Referring to FIG. 2, the timing controller TCON commonly supplies a polarity control signal POL to the source drive ICs, and each of the source drive ICs SDIC1 to SDIC3 supplies data voltages whose polarities are converted by horizontal 2-dot inversion to data lines of the liquid crystal display panel in response to the polarity control signal POL. In the horizontal 2-dot inversion, the polarities of data voltages supplied to (4i+1)-th and (4i+4)-th data lines (i is a positive integer) and the polarities of data voltages supplied to (4i+2)-th and (4i+3)-th data lines are opposite to each other. Accordingly, in the horizontal 2-dot inversion, the polarities of data voltages simultaneously output from the source drive ICs SDIC1 to SDIC3 are inverted every 2 dots. If the first logic value of the polarity control signal POL is high, the source drive ICs SDIC1 to SDIC3 output the (4i+1)-th and (4i+4)-th data voltages of the first horizontal display line LINE#1 as positive data voltages (+) and the (4i+2)-th and (4i+3)-th data lines of the first horizontal display line LINE#1 as negative data voltages (−) as shown in FIG. 2. In the next frame period, if the first logic value of the polarity control signal POL is inverted to low, the source drive ICs SDIC1 to SDIC3 output the (4i+1)-th and (4i+4)-th data voltages of the first horizontal display line LINE#1 as negative data voltages (−) and the (4i+2)-th and (4i+3)-th of the first horizontal display line LINE#1 as positive data voltages (+).
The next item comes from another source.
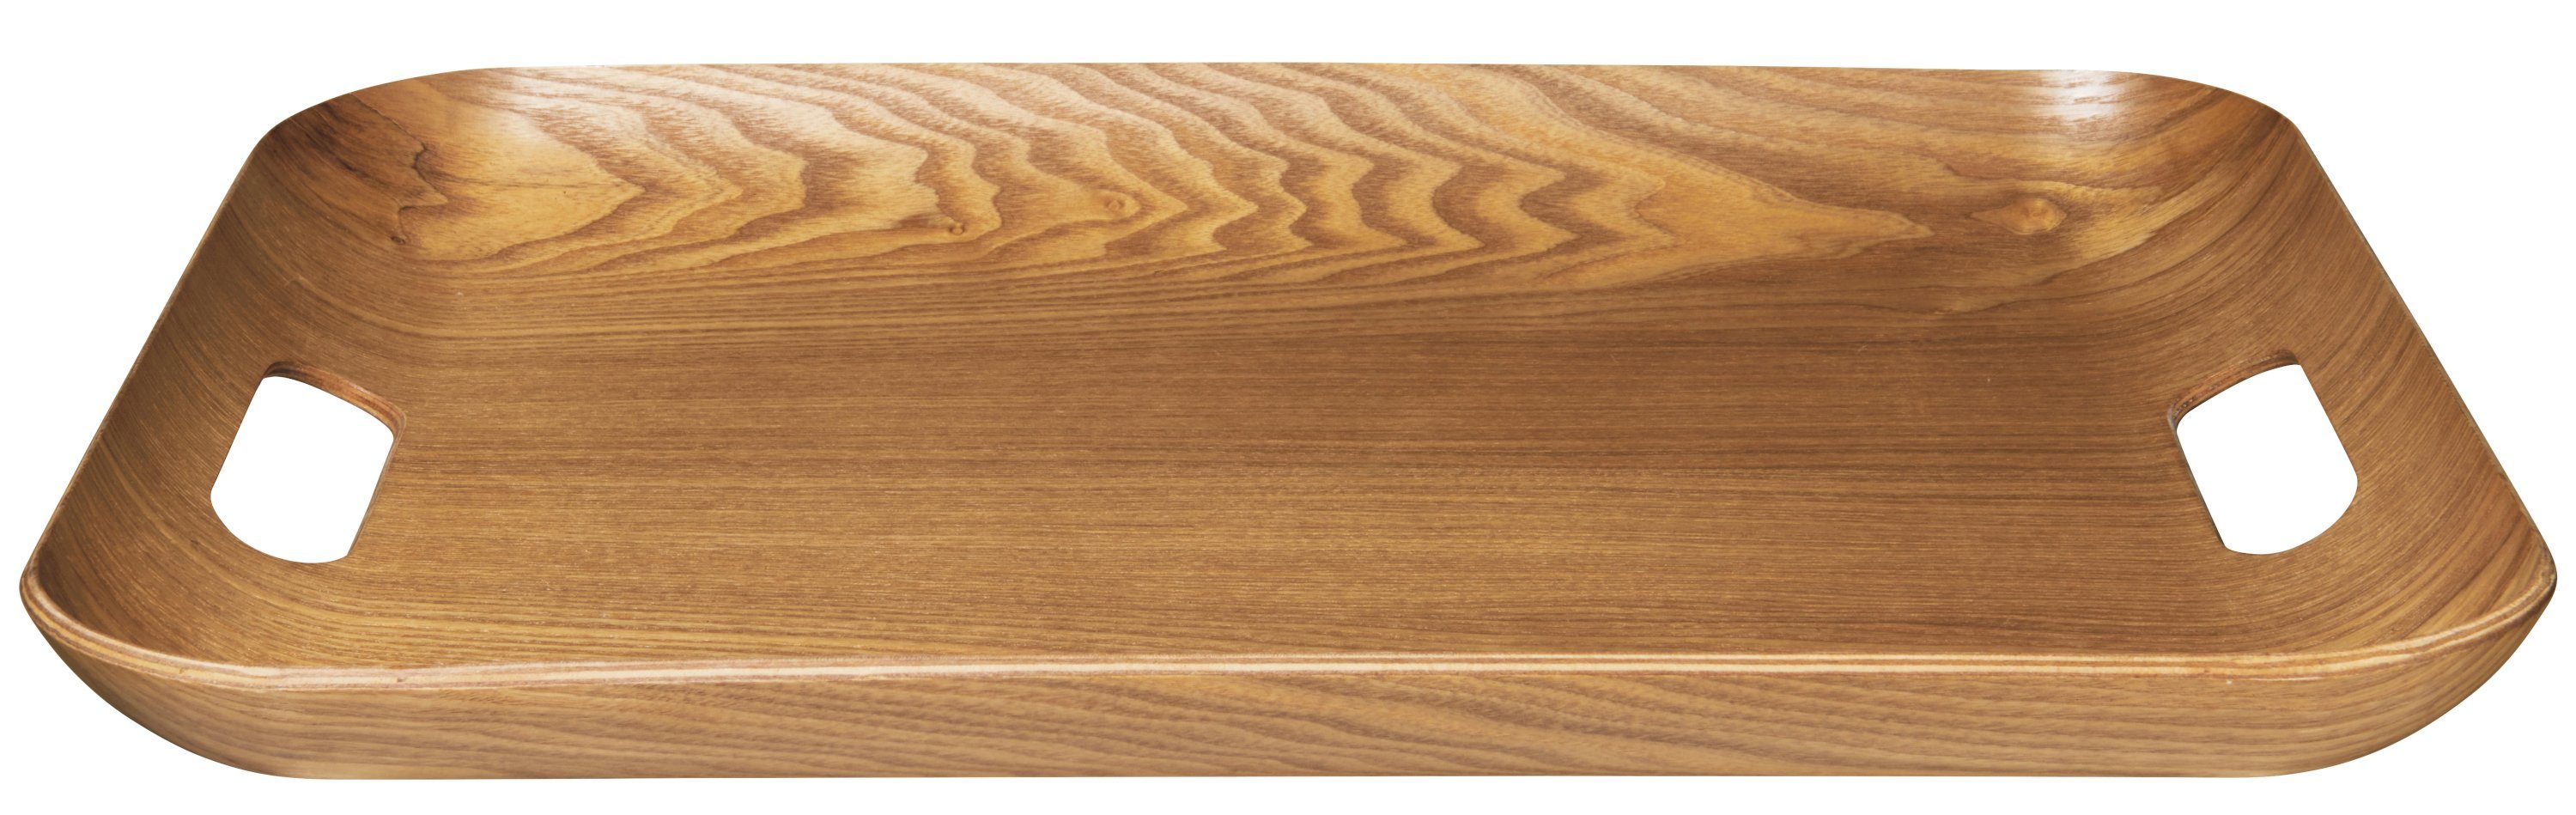 Tablett Weidenholz cm, Rechteckig SELECTION 45 ASA x wood 36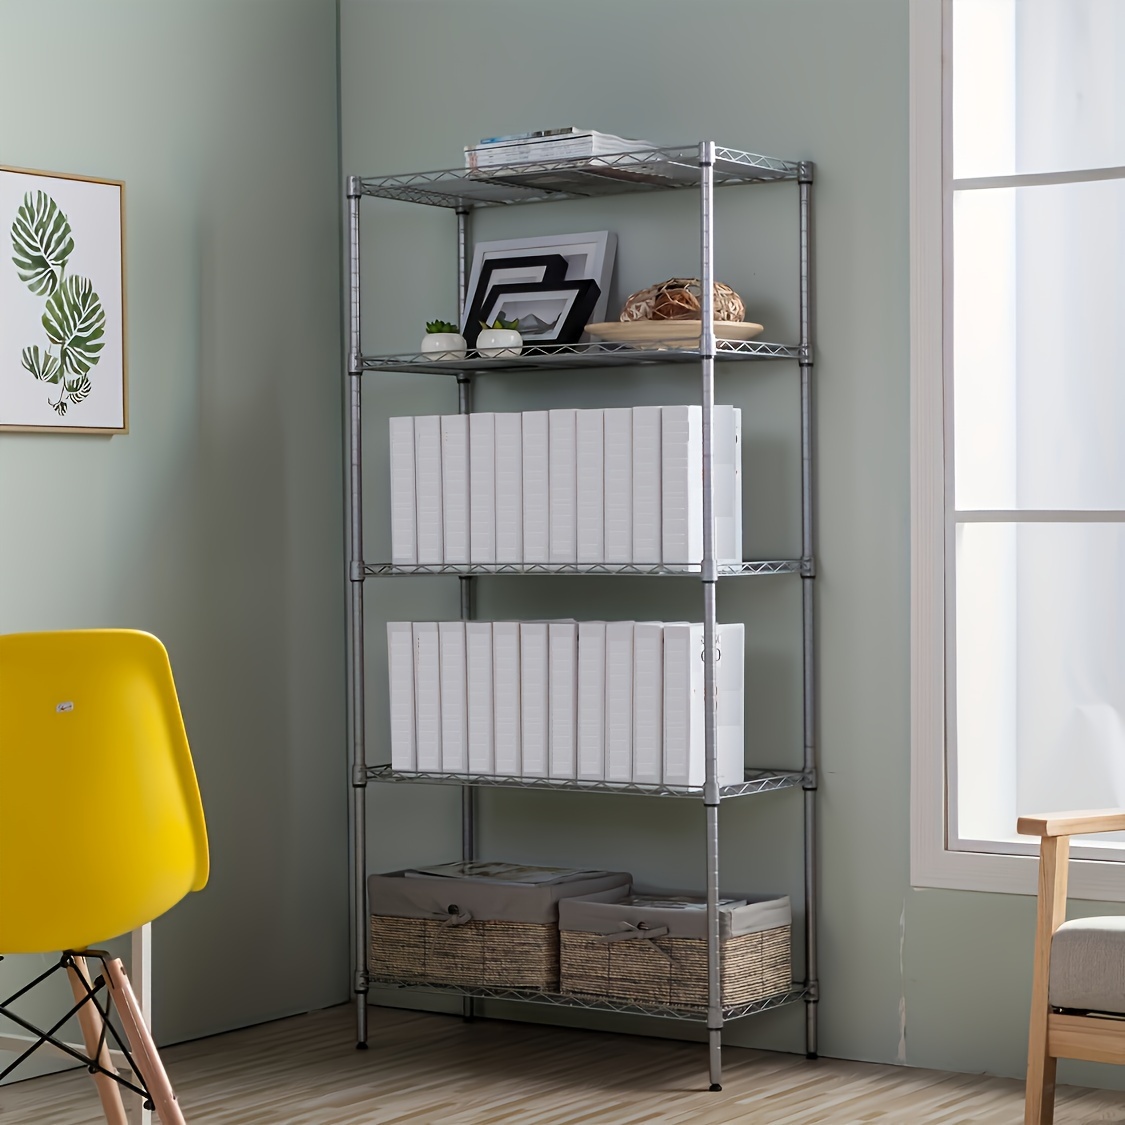 Buy 5 Tier Metal Storage Rack Foldable Shelf Kitchen Organizer Bedroom  Shelves Rolling Cart Online - Shop Home & Garden on Carrefour UAE

Each of the source drive ICs SDIC1 to SDIC3 receive the same polarity control signal as in FIGS. 1 and 2 and inverts the polarity of data voltages. However, in the horizontal 2-dot inversion, in the case that the remainder left after dividing the number of output channels of the source drive IC by 4 is not zero, for example, the number of output channels of the source drive IC is 630 or 690, the horizontal polarity of the data voltages is inverted by vertical 1-dot inversion at the boundaries between the source drive ICs as indicated by dotted circles in FIG. 2. In this case, a luminance difference appears in a pixel array section driven by the horizontal 2-dot, inversion and a pixel array section between the source drive ICs driven by the horizontal 1-dot inversion. Accordingly, in the horizontal 2-dot inversion driving scheme as shown in FIG. 2, a boundary noise is observed between the source drive ICs. Such a boundary noise becomes severe when an FRC correction value is added to data in the process of applying frame rate control (FRC) to increase picture quality.
The present inventor proposed, in Koran Patent Application No. 10-2008-0032638 filed on Apr. 8, 2008, a technique for minimizing common voltage shift in any weak pattern and minimizing flickering, color distortion, etc. by analyzing a weak pattern in an input image and adaptively selecting a horizontal 1-dot inversion scheme or a horizontal 2-dot inversion scheme according to the type of the weak pattern to drive a liquid crystal display panel. To further increase the effect of display quality improvement of this technique, a boundary noise that may appear in the horizontal 2-dot inversion has to be eliminated.